Moreover, the amount of money spent on compute has also been increasing. It has been estimated that, the cost of the largest AI experiments increases by an order of magnitude approximately every 1.1 – 1.4 years (AI Impacts, 2018).
Hence, we have the following rough picture:
More spending on compute + cheaper compute driven by Moore's law -> larger models trained on larger data sets -> better models
On the supply-side, we have Moore's law setting the pace for improvements in price-performance of hardware. The processes driving Moore's law were in place long before the advent of AI and are likely to be mostly independent of how much AI labs demand more compute. We can therefore consider price-performance trends mostly in isolation from demand-side considerations.
On the demand side, it's unclear how larger models and larger data sets will contribute to AI progress. Empirically, it has been observed that for SOTA models in translation, language modelling, image classification and speech recognition there are diminishing marginal returns to data set size in terms of reducing generalization error (Hestness et al., 2017).
Supply side
- By how much will hardware manufacturers be able to increase compute performance in the future?
- e.g. what will the mean of the year-over-year growth rate of the sum of teralops of the all 500 supercomputers in the TOP500 be in the three-year period ending 2027?

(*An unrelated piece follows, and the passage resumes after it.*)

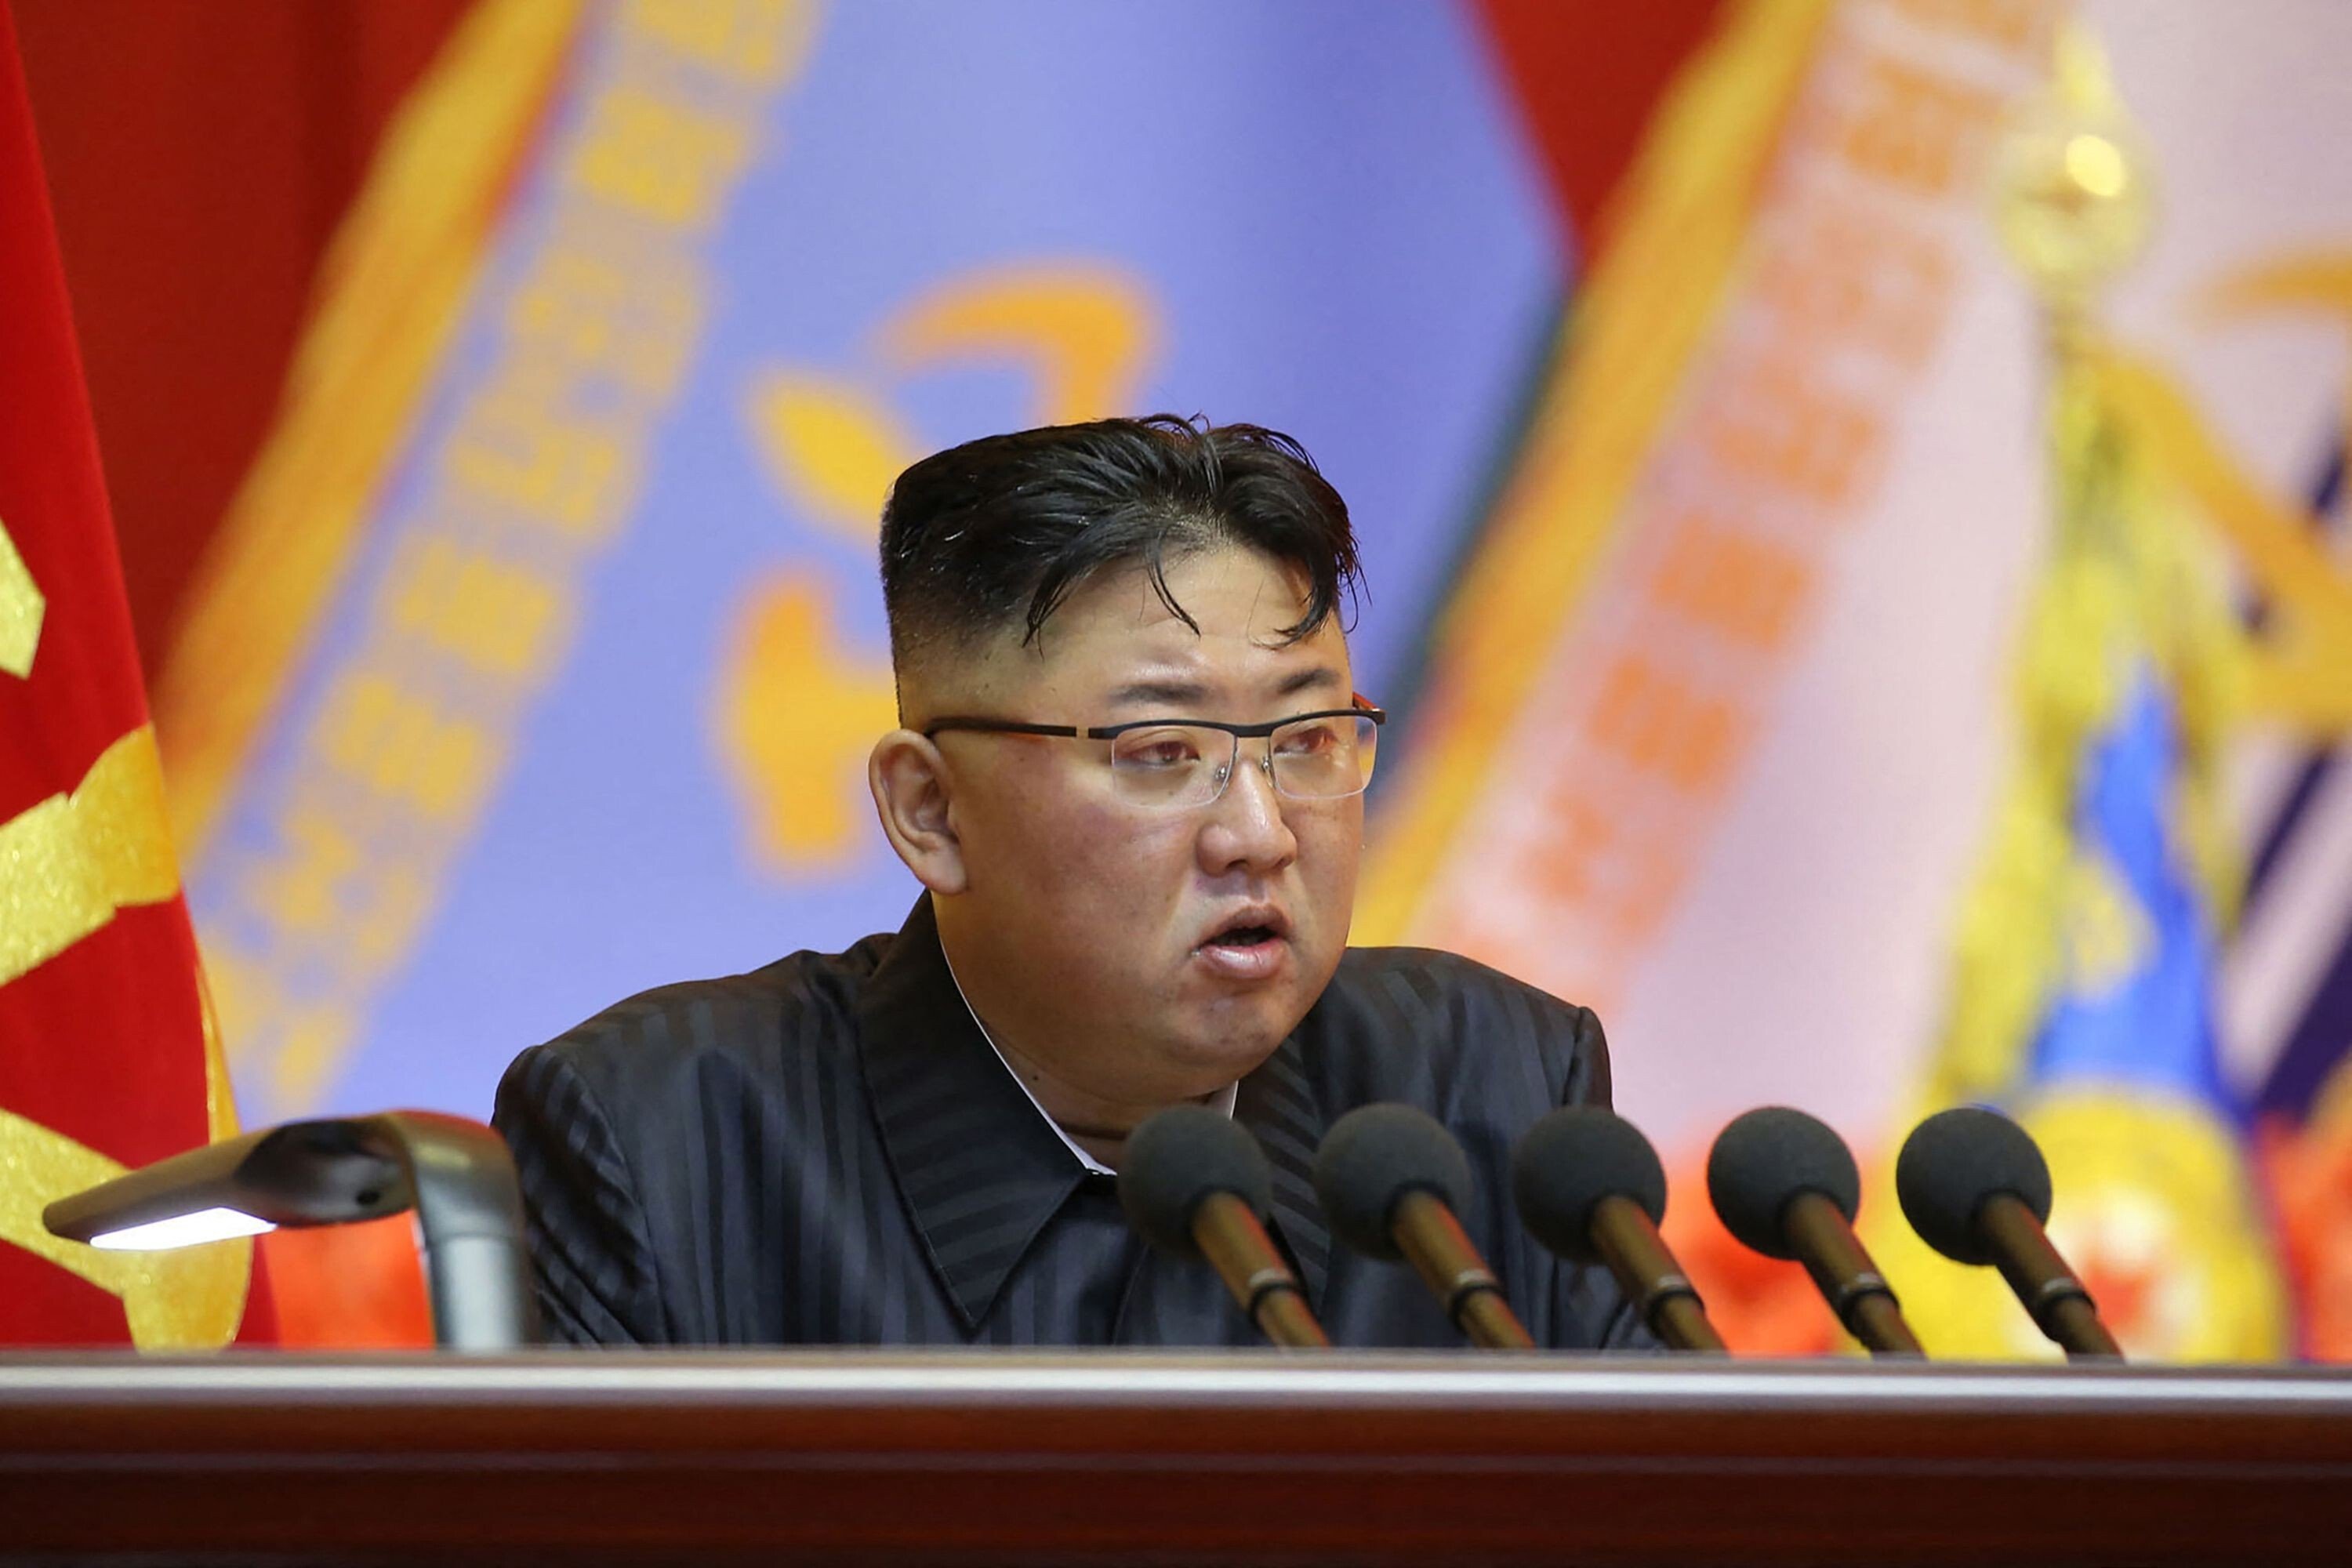 North Korean leader Kim Jong-un addresses a workshop in Pyongyang in an undated picture released by the official Korean Central News Agency on July 30. Photo: KCNA VIA KNS / AFP
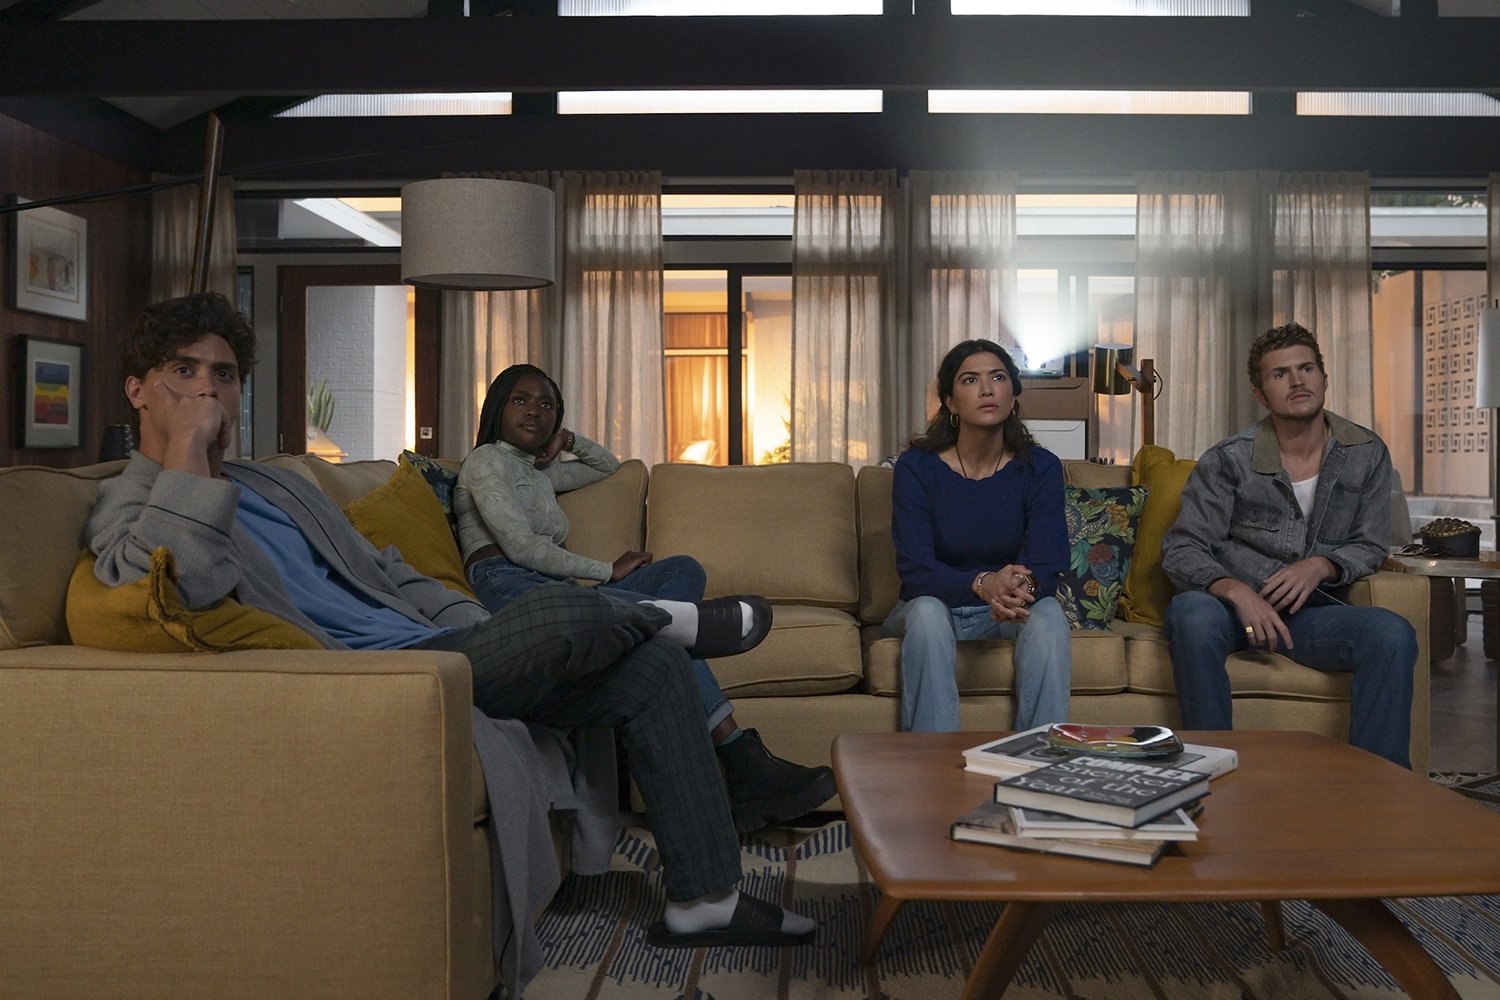 National Treasure: Edge of History: Antonio Cipriano as Oren, Zuri Reed as Tasha, Lisette Olivera as Jess, and Jake Austin Walker as Liam sitting on the couch and looking up at something

- e.g. what will the average year-over-year decline in price-per-teraflops from 2024 to 2027 for Nvidia GPUs be?
- If performance improvements level off, e.g. price performance improves at single-digits year-over-year, when will this happen?
- Do application specific integrated circuits for deep learning (such as TPUs or IPUs) have more potential for generating training speedups?
Demand side
- To what extent will increased model size, and models trained on more data result in substantial economic advantages for particular applications?
- How much will AI labs spend on training a translation mode/ language model/ image classifier/ speech recognition model?
- e.g. What is the cost of hardware used in the most expensive AI experiment by the end of 2024?
- How strongly will the returns to increasing training data set size diminish for different applications in the future?
- Will innovations improve the data efficiency of deep learning methods?
- How strongly will the returns to model size diminish for different applications in the future?